Given material
------------------------------------------------------------------------

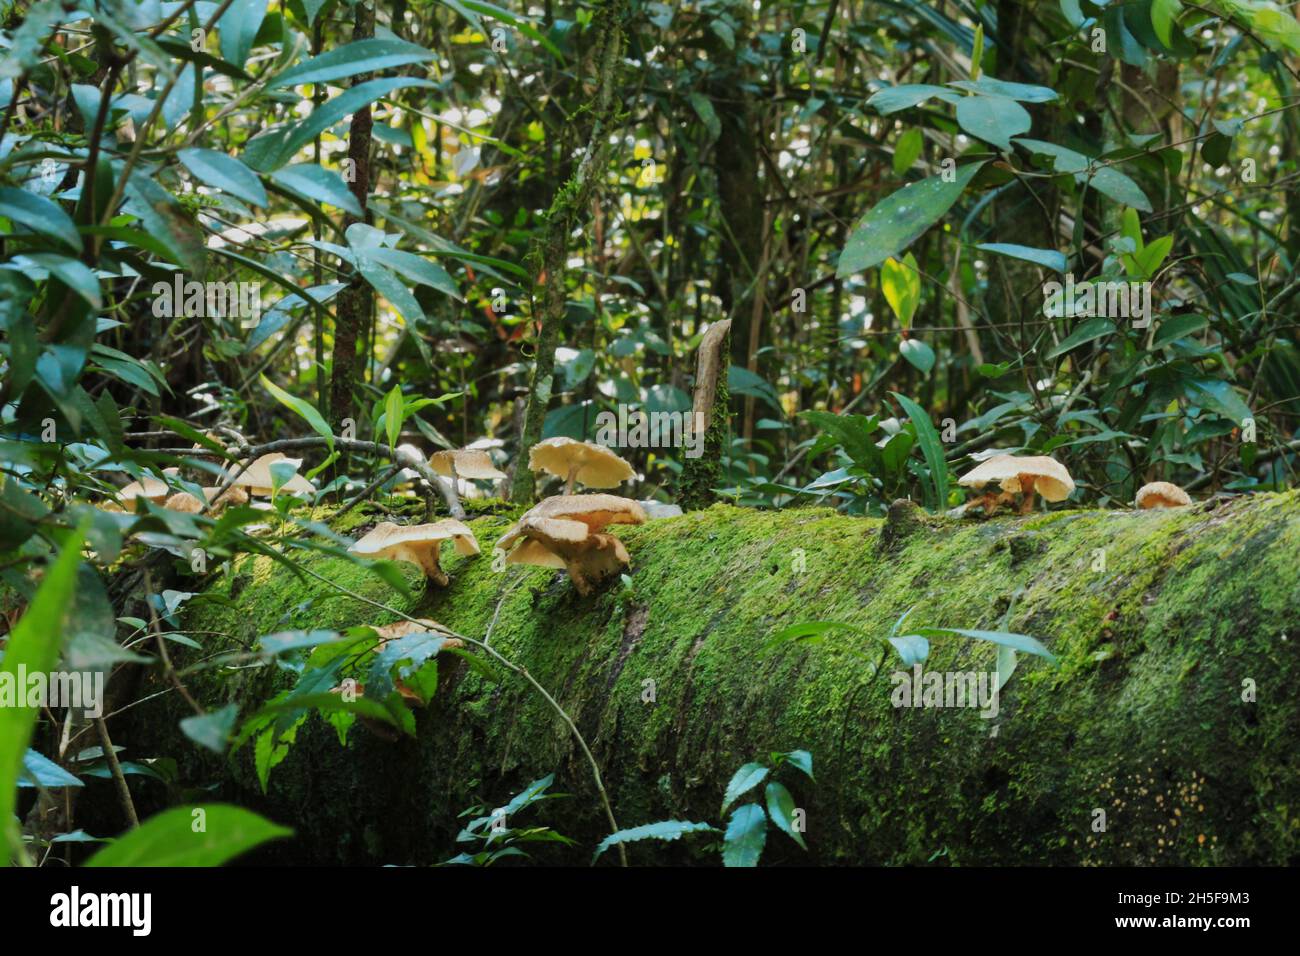 The fallen trunks and their vegetation in the middle of the Atlantic Forest. The life that arises in decomposition. Stock Photo
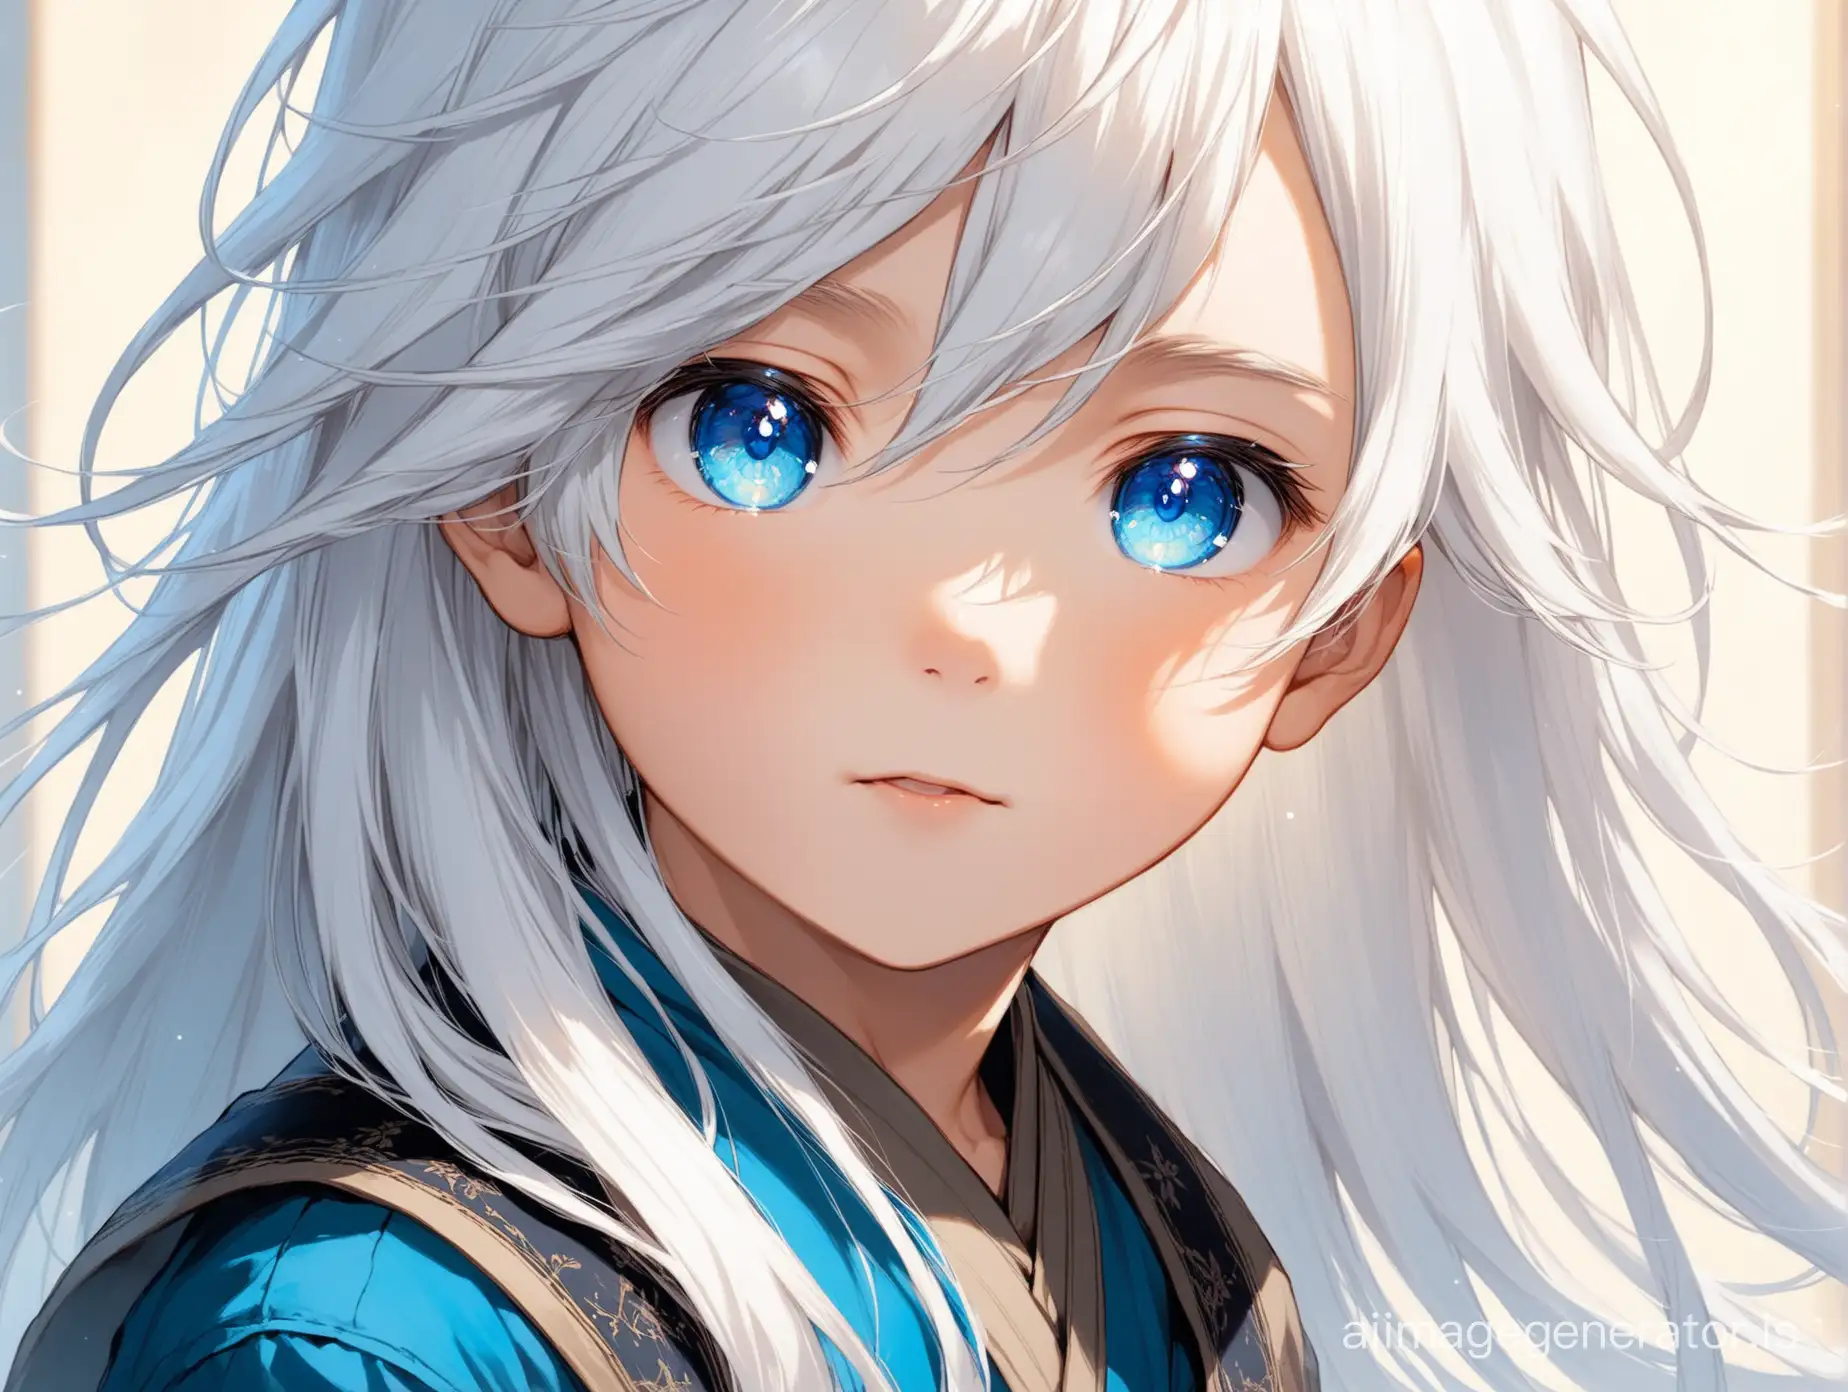 little boy with long white hair and blue eyes
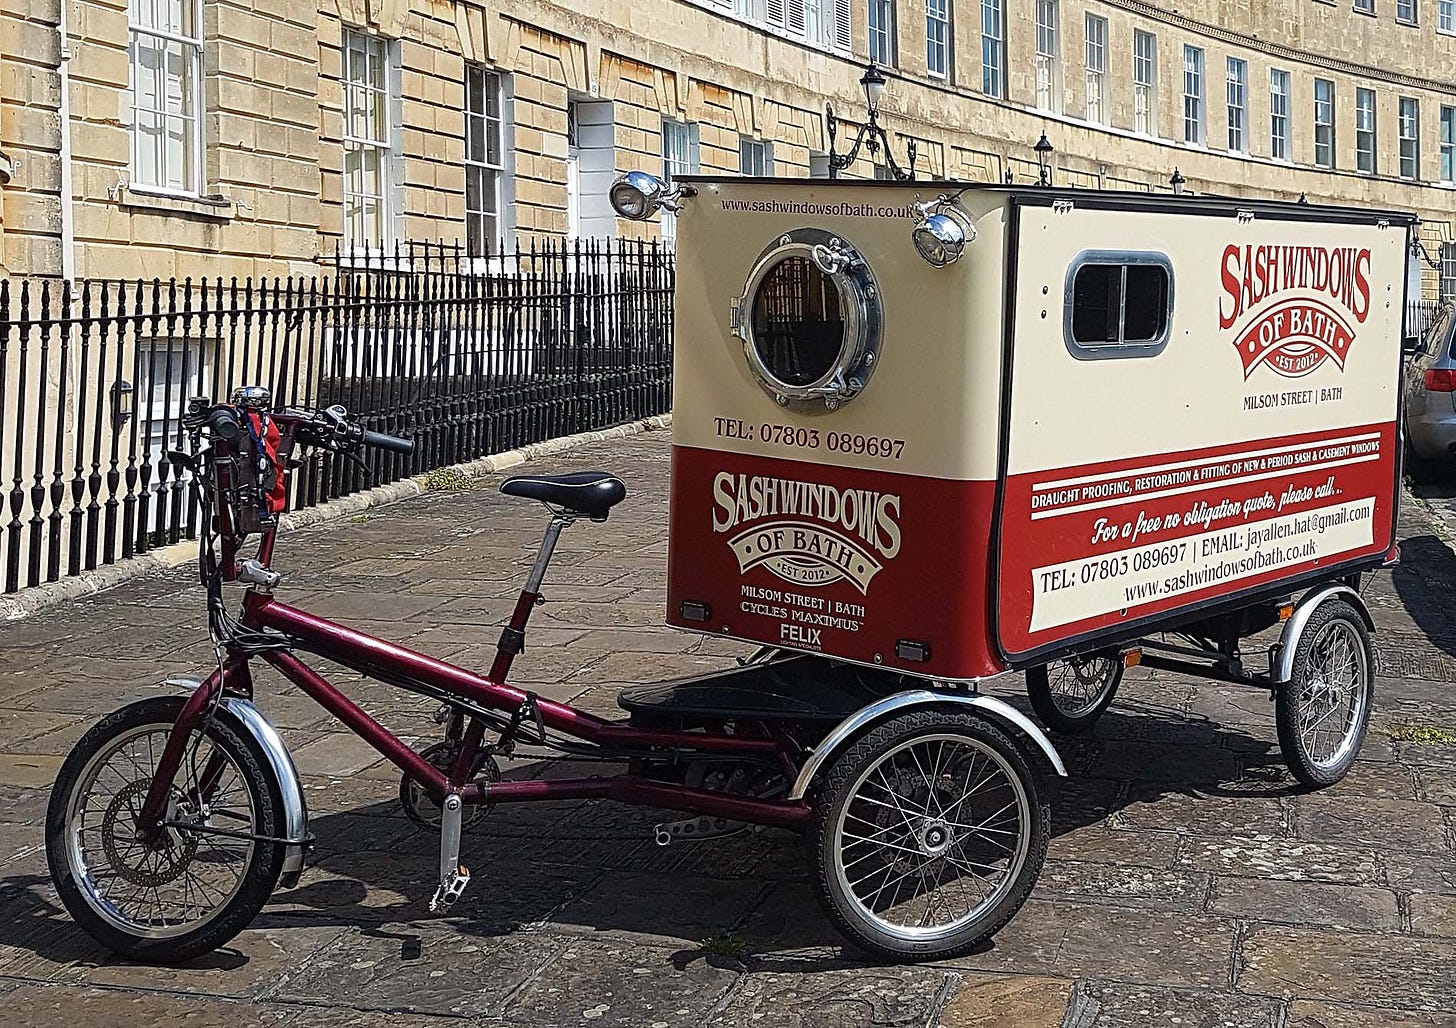 In front of a traditional bath row of town houses, a bicycle with a long covered trailer is parked. On the side of the trailer is an advert for the company
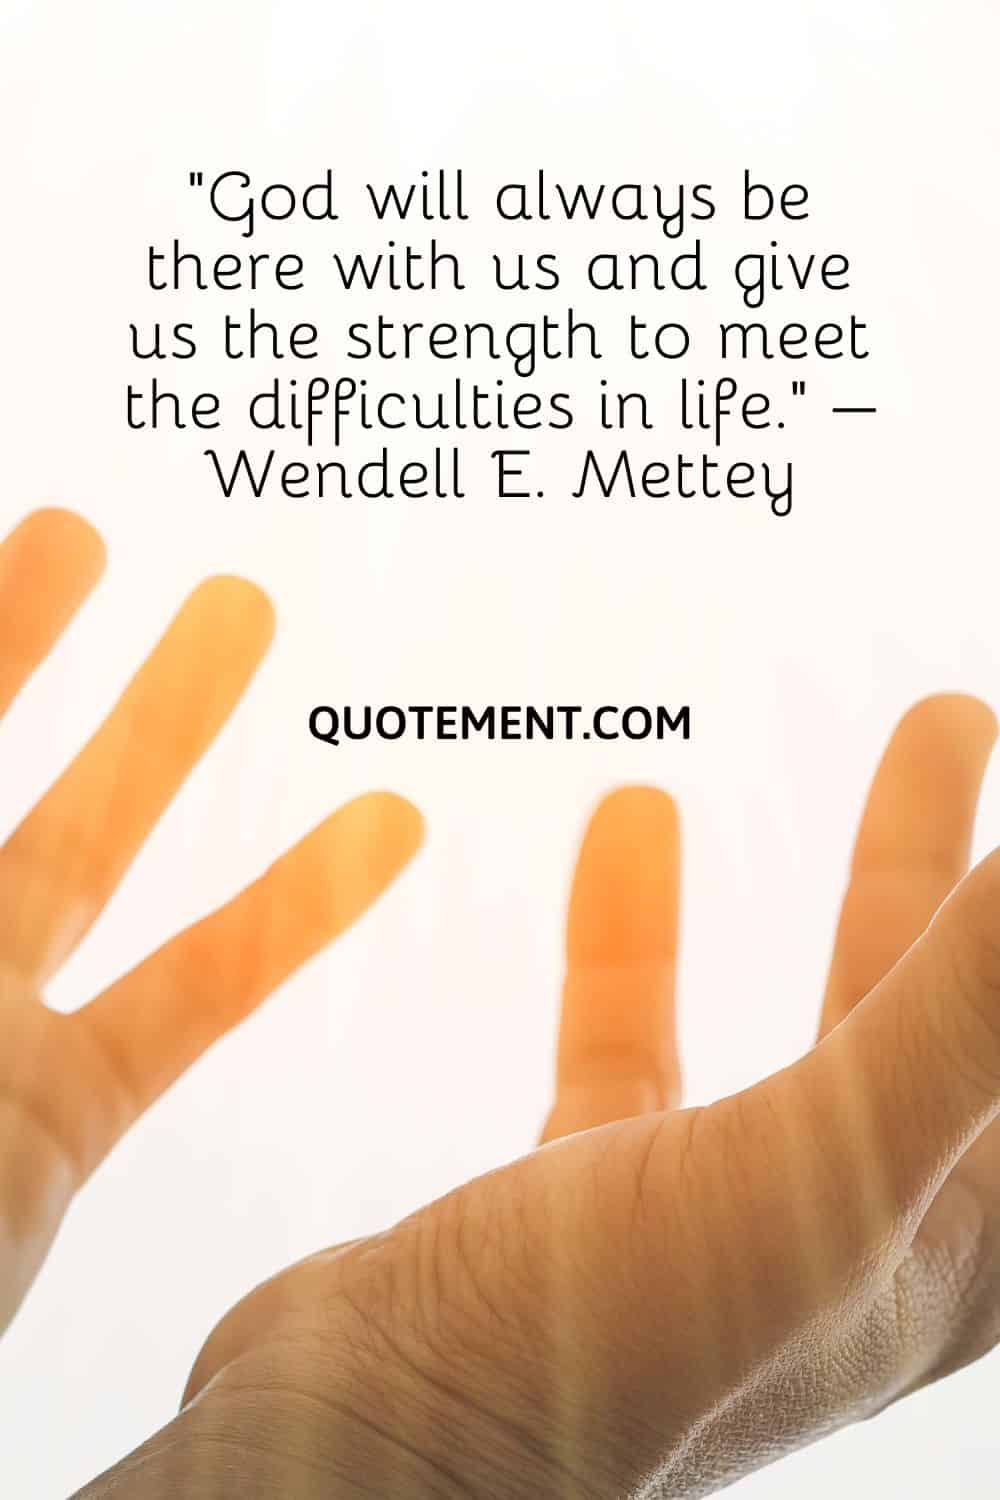 “God will always be there with us and give us the strength to meet the difficulties in life.” – Wendell E. Mettey

------------------------------------------------------------------------

Work task
Please reproduce the material above word for word, without its images.

The answer
 The fallen trunks and their vegetation in the middle of the Atlantic Forest. The life that arises in decomposition. Stock Photo
 little boy with long white hair and blue eyes
 In front of a traditional bath row of town houses, a bicycle with a long covered trailer is parked. On the side of the trailer is an advert for the company
 “God will always be there with us and give us the strength to meet the difficulties in life.” – Wendell E. Mettey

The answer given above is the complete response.